Task statement:
When the material ends, stop; until then, set down every line exactly.

Exercise data:

****************

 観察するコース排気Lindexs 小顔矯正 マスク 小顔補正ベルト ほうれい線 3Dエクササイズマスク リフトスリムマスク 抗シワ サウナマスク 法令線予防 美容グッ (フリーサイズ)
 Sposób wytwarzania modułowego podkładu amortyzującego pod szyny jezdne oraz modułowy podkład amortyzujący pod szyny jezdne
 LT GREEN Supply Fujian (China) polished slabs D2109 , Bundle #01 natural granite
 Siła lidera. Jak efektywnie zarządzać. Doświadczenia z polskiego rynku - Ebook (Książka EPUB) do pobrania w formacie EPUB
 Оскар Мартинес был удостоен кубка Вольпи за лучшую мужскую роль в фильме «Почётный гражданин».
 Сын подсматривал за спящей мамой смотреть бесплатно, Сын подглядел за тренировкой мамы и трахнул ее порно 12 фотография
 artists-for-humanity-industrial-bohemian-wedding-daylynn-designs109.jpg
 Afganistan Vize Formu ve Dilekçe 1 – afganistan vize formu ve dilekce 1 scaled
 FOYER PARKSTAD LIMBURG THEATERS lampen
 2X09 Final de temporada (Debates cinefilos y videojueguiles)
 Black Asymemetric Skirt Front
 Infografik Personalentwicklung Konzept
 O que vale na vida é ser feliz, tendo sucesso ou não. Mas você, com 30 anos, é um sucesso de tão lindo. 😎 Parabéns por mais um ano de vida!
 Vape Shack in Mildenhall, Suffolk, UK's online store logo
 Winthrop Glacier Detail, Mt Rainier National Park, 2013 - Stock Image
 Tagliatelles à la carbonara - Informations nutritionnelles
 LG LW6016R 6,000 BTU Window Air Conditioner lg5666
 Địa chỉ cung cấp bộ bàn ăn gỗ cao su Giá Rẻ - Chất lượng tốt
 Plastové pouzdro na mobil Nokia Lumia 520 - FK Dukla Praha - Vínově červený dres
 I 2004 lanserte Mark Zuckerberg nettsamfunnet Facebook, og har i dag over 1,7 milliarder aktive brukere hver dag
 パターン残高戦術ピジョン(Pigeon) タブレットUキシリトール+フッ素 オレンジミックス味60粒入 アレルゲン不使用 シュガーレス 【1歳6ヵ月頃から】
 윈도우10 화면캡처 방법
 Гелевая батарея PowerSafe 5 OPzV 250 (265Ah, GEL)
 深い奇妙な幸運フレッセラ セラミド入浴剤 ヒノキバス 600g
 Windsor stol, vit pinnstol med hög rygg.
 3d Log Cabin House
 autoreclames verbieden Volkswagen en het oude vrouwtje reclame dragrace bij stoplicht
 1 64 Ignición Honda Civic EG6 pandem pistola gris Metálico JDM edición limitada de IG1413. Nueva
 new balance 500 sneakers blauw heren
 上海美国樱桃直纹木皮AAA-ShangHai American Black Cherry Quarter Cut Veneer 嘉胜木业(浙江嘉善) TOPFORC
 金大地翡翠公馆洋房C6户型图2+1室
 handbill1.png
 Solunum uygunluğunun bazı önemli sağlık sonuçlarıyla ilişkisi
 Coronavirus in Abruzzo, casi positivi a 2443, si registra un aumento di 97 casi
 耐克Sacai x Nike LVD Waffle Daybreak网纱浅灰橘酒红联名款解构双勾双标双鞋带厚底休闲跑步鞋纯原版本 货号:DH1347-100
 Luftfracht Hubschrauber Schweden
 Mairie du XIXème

****************

Solution:
 観察するコース排気Lindexs 小顔矯正 マスク 小顔補正ベルト ほうれい線 3Dエクササイズマスク リフトスリムマスク 抗シワ サウナマスク 法令線予防 美容グッ (フリーサイズ)
 Sposób wytwarzania modułowego podkładu amortyzującego pod szyny jezdne oraz modułowy podkład amortyzujący pod szyny jezdne
 LT GREEN Supply Fujian (China) polished slabs D2109 , Bundle #01 natural granite
 Siła lidera. Jak efektywnie zarządzać. Doświadczenia z polskiego rynku - Ebook (Książka EPUB) do pobrania w formacie EPUB
 Оскар Мартинес был удостоен кубка Вольпи за лучшую мужскую роль в фильме «Почётный гражданин».
 Сын подсматривал за спящей мамой смотреть бесплатно, Сын подглядел за тренировкой мамы и трахнул ее порно 12 фотография
 artists-for-humanity-industrial-bohemian-wedding-daylynn-designs109.jpg
 Afganistan Vize Formu ve Dilekçe 1 – afganistan vize formu ve dilekce 1 scaled
 FOYER PARKSTAD LIMBURG THEATERS lampen
 2X09 Final de temporada (Debates cinefilos y videojueguiles)
 Black Asymemetric Skirt Front
 Infografik Personalentwicklung Konzept
 O que vale na vida é ser feliz, tendo sucesso ou não. Mas você, com 30 anos, é um sucesso de tão lindo. 😎 Parabéns por mais um ano de vida!
 Vape Shack in Mildenhall, Suffolk, UK's online store logo
 Winthrop Glacier Detail, Mt Rainier National Park, 2013 - Stock Image
 Tagliatelles à la carbonara - Informations nutritionnelles
 LG LW6016R 6,000 BTU Window Air Conditioner lg5666
 Địa chỉ cung cấp bộ bàn ăn gỗ cao su Giá Rẻ - Chất lượng tốt
 Plastové pouzdro na mobil Nokia Lumia 520 - FK Dukla Praha - Vínově červený dres
 I 2004 lanserte Mark Zuckerberg nettsamfunnet Facebook, og har i dag over 1,7 milliarder aktive brukere hver dag
 パターン残高戦術ピジョン(Pigeon) タブレットUキシリトール+フッ素 オレンジミックス味60粒入 アレルゲン不使用 シュガーレス 【1歳6ヵ月頃から】
 윈도우10 화면캡처 방법
 Гелевая батарея PowerSafe 5 OPzV 250 (265Ah, GEL)
 深い奇妙な幸運フレッセラ セラミド入浴剤 ヒノキバス 600g
 Windsor stol, vit pinnstol med hög rygg.
 3d Log Cabin House
 autoreclames verbieden Volkswagen en het oude vrouwtje reclame dragrace bij stoplicht
 1 64 Ignición Honda Civic EG6 pandem pistola gris Metálico JDM edición limitada de IG1413. Nueva
 new balance 500 sneakers blauw heren
 上海美国樱桃直纹木皮AAA-ShangHai American Black Cherry Quarter Cut Veneer 嘉胜木业(浙江嘉善) TOPFORC
 金大地翡翠公馆洋房C6户型图2+1室
 handbill1.png
 Solunum uygunluğunun bazı önemli sağlık sonuçlarıyla ilişkisi
 Coronavirus in Abruzzo, casi positivi a 2443, si registra un aumento di 97 casi
 耐克Sacai x Nike LVD Waffle Daybreak网纱浅灰橘酒红联名款解构双勾双标双鞋带厚底休闲跑步鞋纯原版本 货号:DH1347-100
 Luftfracht Hubschrauber Schweden
 Mairie du XIXème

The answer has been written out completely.